Por Jaime Barrientos e Manuela Cárdenas[i]
O início do mês de outubro de 2019 no Chile nos fazia acreditar que vivíamos num paraíso. De fato, o presidente Sebastián Piñera até poucas semanas antes descrevia o país como um oásis em comparação com a conjuntura latino-americana. Tratava-se, na verdade, de vender uma vitrine para acionistas. Há quarenta anos o descontentamento, a raiva e o desencanto eram incubados devido à instalação forçada durante a ditadura de um modelo de produção e de consumo que se manteve mesmo após o fim do regime militar.
Contudo, no meio de outubro um grupo de jovens iniciou um conjunto de manifestações devido à alta do preço do metrô. O governo respondeu a essas manifestações usando a Força Policial para controlá-los. Paralelamente a essa faísca inicial, diferentes ministros emitiam opiniões sobre contingenciamento de gastos, muitas vezes se referindo ao custo de vida do Chile. Suas opiniões denotavam uma falta de conexão com a cidadania e mesmo uma afronta a muitas e muitos chilenos. As palavras desses ministros humilhavam a toda a população, mas sobretudo as pessoas que trabalharam duro por anos sem que lhes fosse permitido sair da pobreza.
Na sexta-feira, dia 18 de outubro, em resposta à convocatória popular para pular a catraca do metrô na capital do país, o governo decidiu fechar totalmente as linhas do transporte.
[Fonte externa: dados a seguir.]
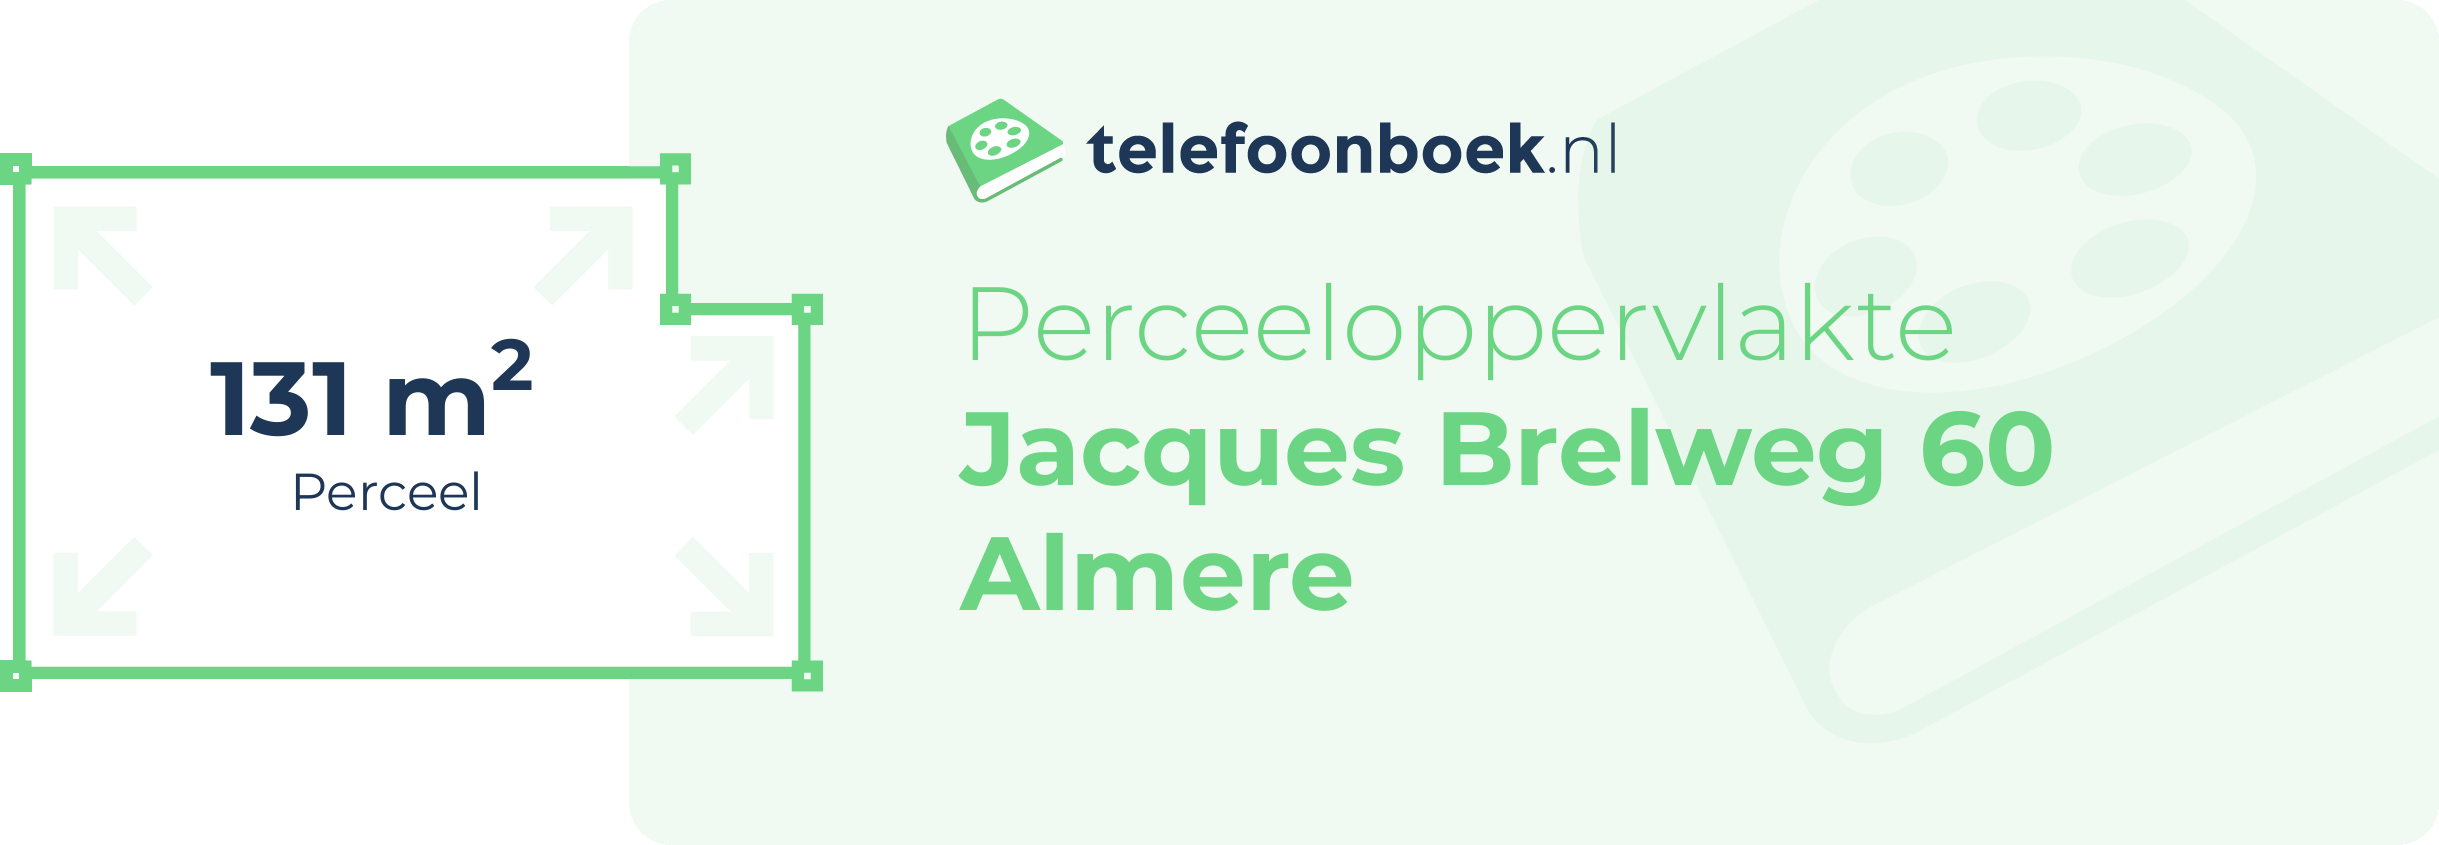 Perceeloppervlakte Jacques Brelweg 60 Almere

Essa medida gerou assombro, caos urbano e também raiva em muitos chilenos. Dali em diante, os eventos se sucederam com rapidez. Protestos, saques aos estabelecimentos que representam o coração do modelo neoliberal chileno (bancos, supermercados, farmácias) e uma ofensiva contra o próprio metrô, incendiando e vandalizando as suas estações, aconteciam em Santiago.
Tudo isso ocorreu sem qualquer intervenção da força pública. A polícia deixou que os manifestantes atuassem com todo o tempo do mundo. Enquanto a capital começava a se manifestar contra a sua decisão de fechar o metrô, o presidente se dirigia ao aniversário de um membro de sua família. Algumas horas depois, Piñera decidia decretar estado de exceção: lançou os militares às ruas para tentar controlar a ordem pública e decretou o toque de recolher, assim como limitou as liberdades civis.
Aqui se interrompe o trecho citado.